## Work instruction:
If pictures appear among the lines below, leave them out while you return exactly the lines from the one with "Sammy Ferber - New" through the one with "Green New Era cap".

## Source data:
________________________________________

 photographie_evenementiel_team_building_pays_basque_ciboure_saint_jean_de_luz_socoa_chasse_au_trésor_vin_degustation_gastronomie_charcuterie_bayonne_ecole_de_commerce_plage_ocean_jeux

________________________________________

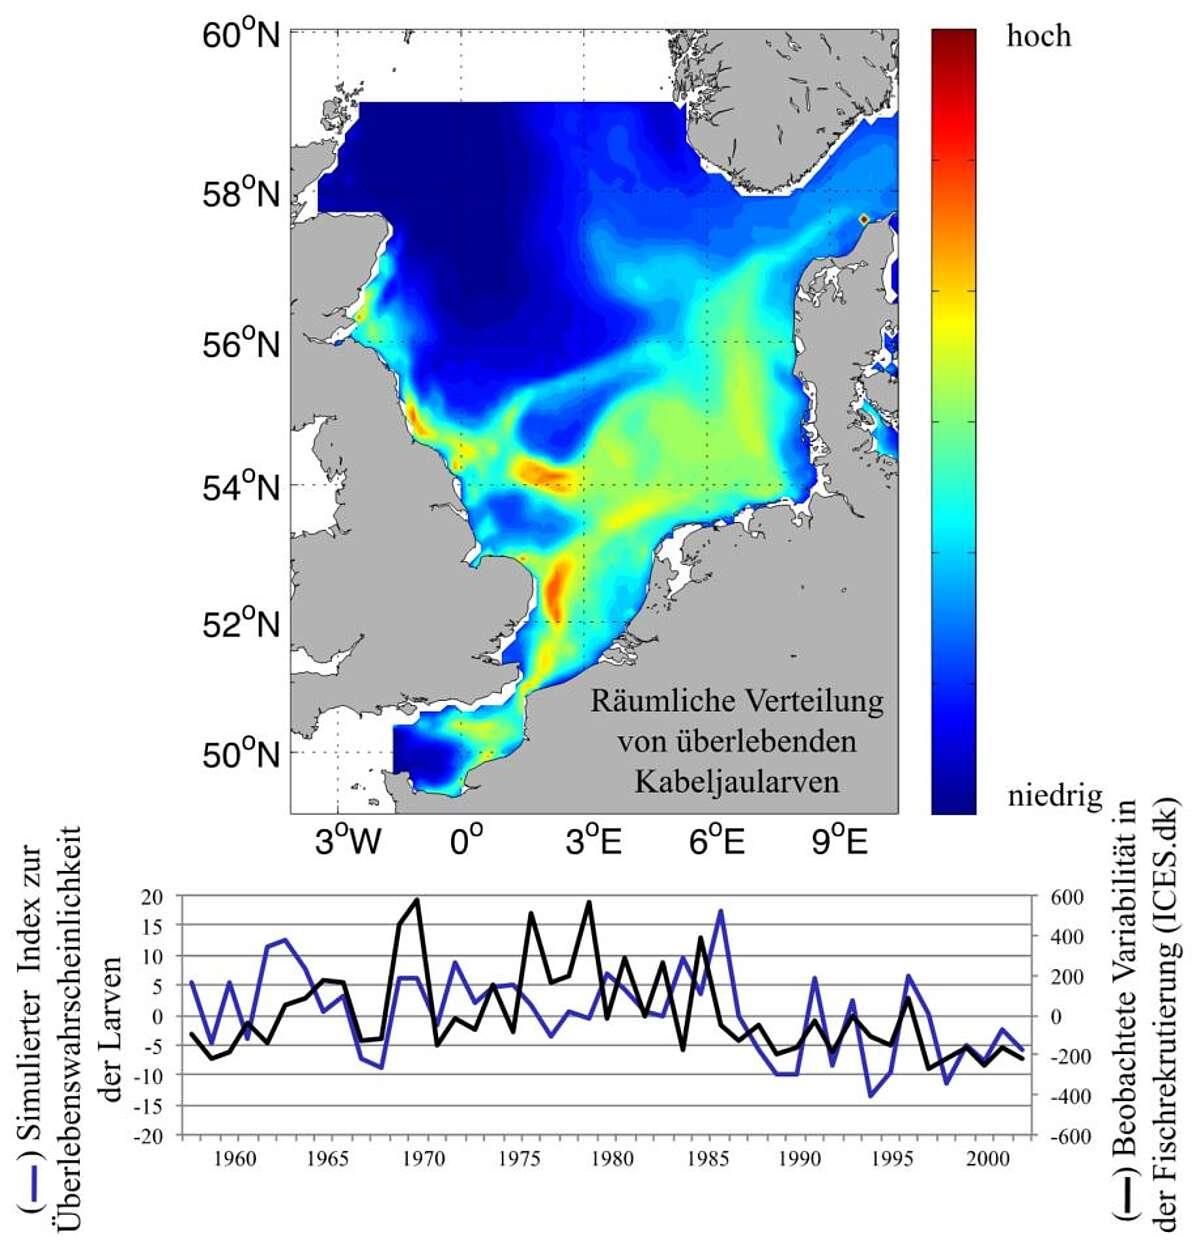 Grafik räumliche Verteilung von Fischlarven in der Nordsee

________________________________________

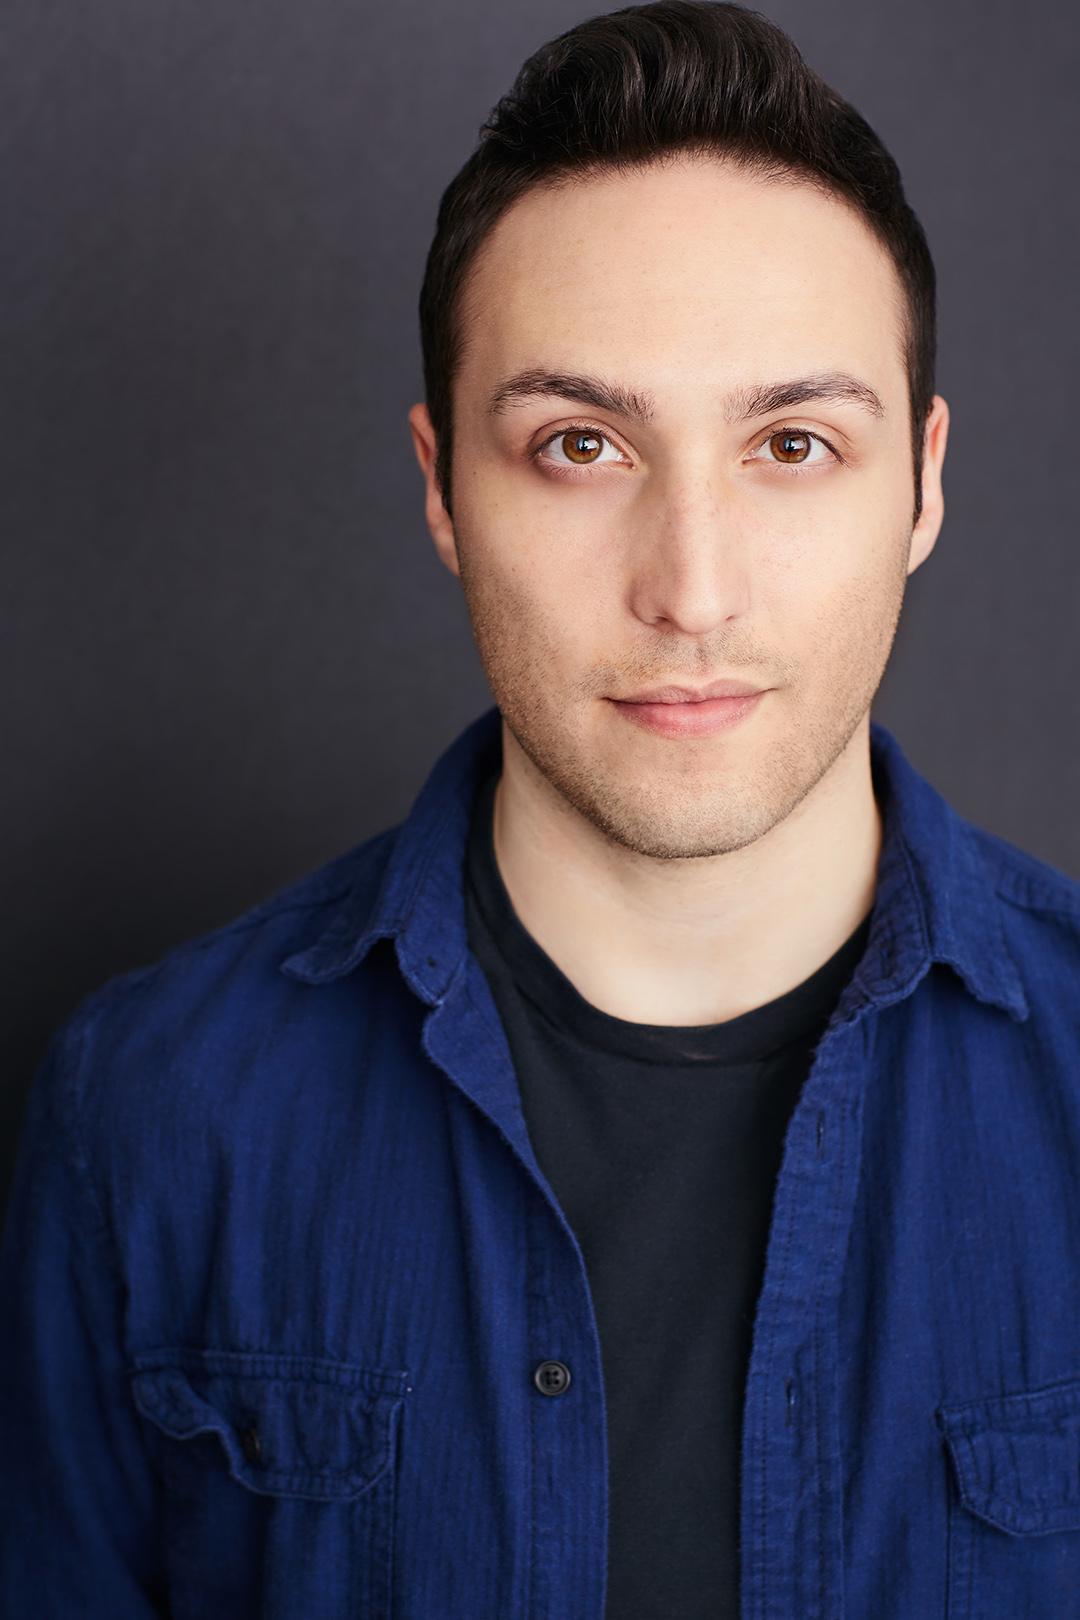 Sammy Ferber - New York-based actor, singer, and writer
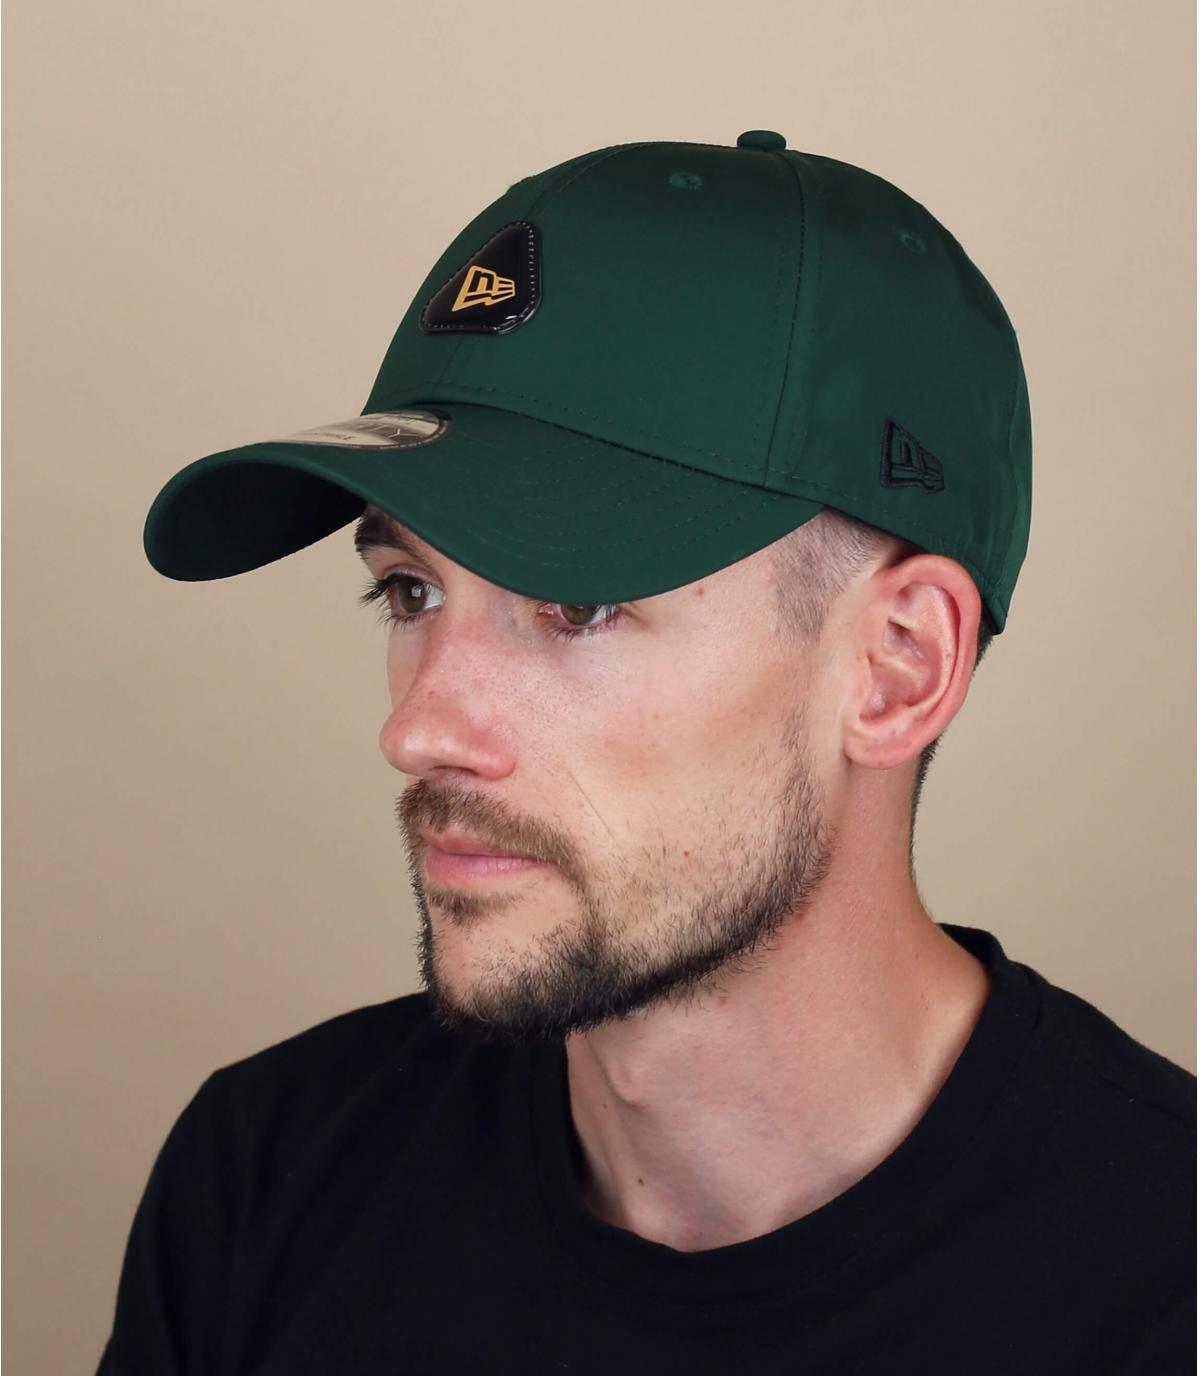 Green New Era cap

________________________________________

## Answer to this exercise:
 Sammy Ferber - New York-based actor, singer, and writer
 Green New Era cap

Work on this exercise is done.